Saturday, 28 February 2026

On the uselessness of blaming yourself

 Let me start this one, by acknowledging we all do it. We all, at some point and for some time, have a tendency to blame ourselves for things in our lives when we get results or situations we’d rather not experience and that we feel we may have contributed to them happening. It’s a natural and human thing to do. And contrary to the title, in some circumstances m, it may even be useful. Feeling the feeling of blame, is sometimes a valuable signal. A signal that we’ve made a choice or dealt a certain way with a situation, that is now making things worse so being aware of that feeling may help as a future reminder to not make similar choices in the future.


Where it is a problem, is when we let that feeling of blame linger within us. When we don’t let it go, and often use it as an excuse to not do things or not get back to them, where they could be valuable learning and development tools.

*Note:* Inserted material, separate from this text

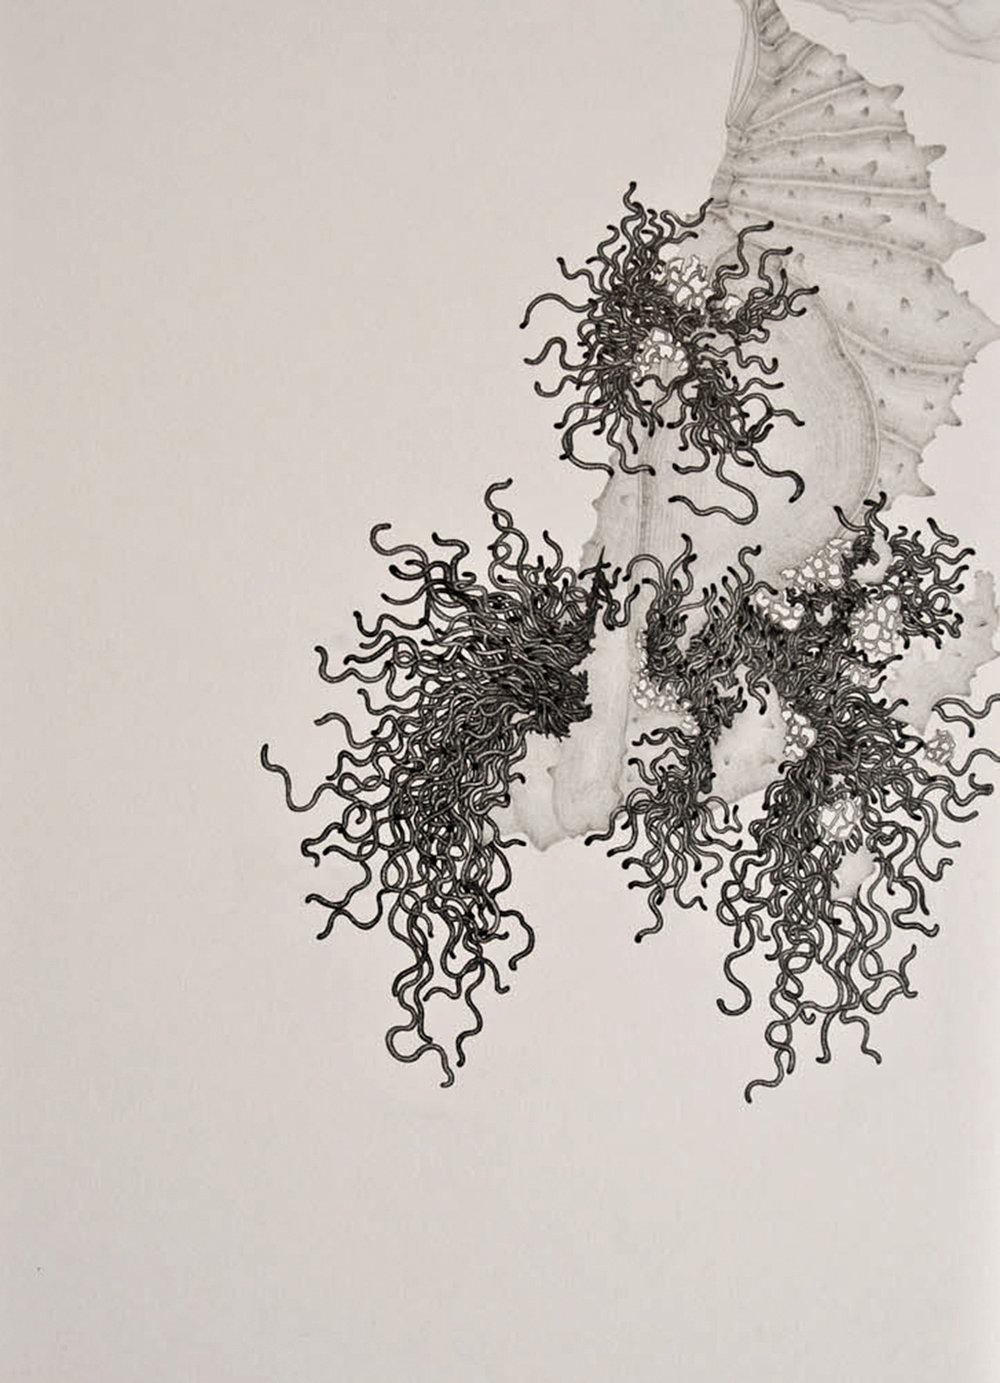 chrysalis001.jpg

And the main reason why blame is useless, is that most of the times, whatever we blame ourselves for is a sunk cost. Sunk cost is a term in finance, that basically says “you already paid for it, there’s nothing you can do about it now so it’s no longer relevant for future decision making”. You paid for it, it’s done so just move on.


Not only a sunk cost, but blame is also an energy vampire. The energy we spend feeling sorry and blaming ourselves, takes the life out of us. When we’re focused on blaming ourselves, humans tend to go on spirals of all our perceived inadequacies and we feel sad, lonely and often treat others around us badly too as a result. And with this comes an opportunity cost too. All that energy could be much better used in different ways. Instead of sulking and blaming, that same energy could be used for strategising. For thinking and planning how we can improve our odds that we won’t make the same types of decisions or reactions, that are now making us feel bad. Strategizing on skills or habits we need to acquire so as to not find ourselves in similar situations in the future. 


So, Rafael, stop blaming yourself or if you can’t do that, get better at identifying when you’re entering spirals of blame. And when you become aware that you are, remember it’s both a sunk cost and that it carries an opportunity cost too, and try to redirect that energy you’re spending anyway towards something more useful for you, something that has a building and development value and not destructive value to yourself. Because on the other side of building and development, there’s a better version of you that uses every challenge as a stepping stone to reach higher heights and better things.

Saturday, 14 February 2026

On being kind to yourself

 Since you were born, that one of your strongest personality traits has been your kindness. That has always come up in everything you do and how you deal and behave with others. Even with some of your autism traits, you often get triggered by the lack of kindness of others, whether it’s directed at you or at anyone around you. You always get upset when see unkindness around, and one of the many reasons why you’re a wonderful and lovely boy.


Having said that, you do not extend that same grace to yourself, and you deserve that from you. Because we both know, that if you saw other people talking to you or your friends with the words and tone you so often speak to yourself, you wouldn’t have it. More, you would intervene and stand up for others and remind them that that’s not ok. That they weren’t being kind.


And this is something I’ve also struggled with most of my life. Even my study of Philosophy and Stoicism, made it worse and not better. Epictetus said “be content to appear foolish or stupid to externals… but demand much of yourself”. Seneca said “let us be more just with others and more severe with ourselves”. Augustine of Hippo said “Be severe with your own sins, gentle with the sins of others”. And for years, I did exactly what you do, so I get it. It wasn’t until past my 40s, that I started being kind to myself and not consider a lack of elite level performance in all areas of my life (work, fitness, jiu jitsu, parenting, marriage) as if I’m somehow lacking. As if somehow, I’m just lazy and not working hard enough, not being disciplined enough, not being good enough for others around me. Because that will never happen. We are born and die as incomplete products , and that’s a good thing. It means we had standards, it means we kept trying to improve until our last breath and it means we kept working on ourselves and how we show up for others.


But that shouldn’t be done at the expense of your unkind self talk. That shouldn’t be done or achieved by being a tyrant to yourself, by being so critical that we didn’t perform as we hoped or expected that we just quit. As Ryan Holiday mentions on one of his books “If your standards are so high, that you give up when you fall short of them then you don’t actually have high standards. What you have are excuses” 


So, please, be kind to yourself. Know we’re always incomplete, there’s always more that we can do, and using that as something to be violent and u kind to ourselves is unnecessary, counter productive and makes living inside our heads a dark and violent place to be. Be kind to yourself, because you’re kind to others and you deserve more from you. You deserve for you and from you what you demand of the world around you.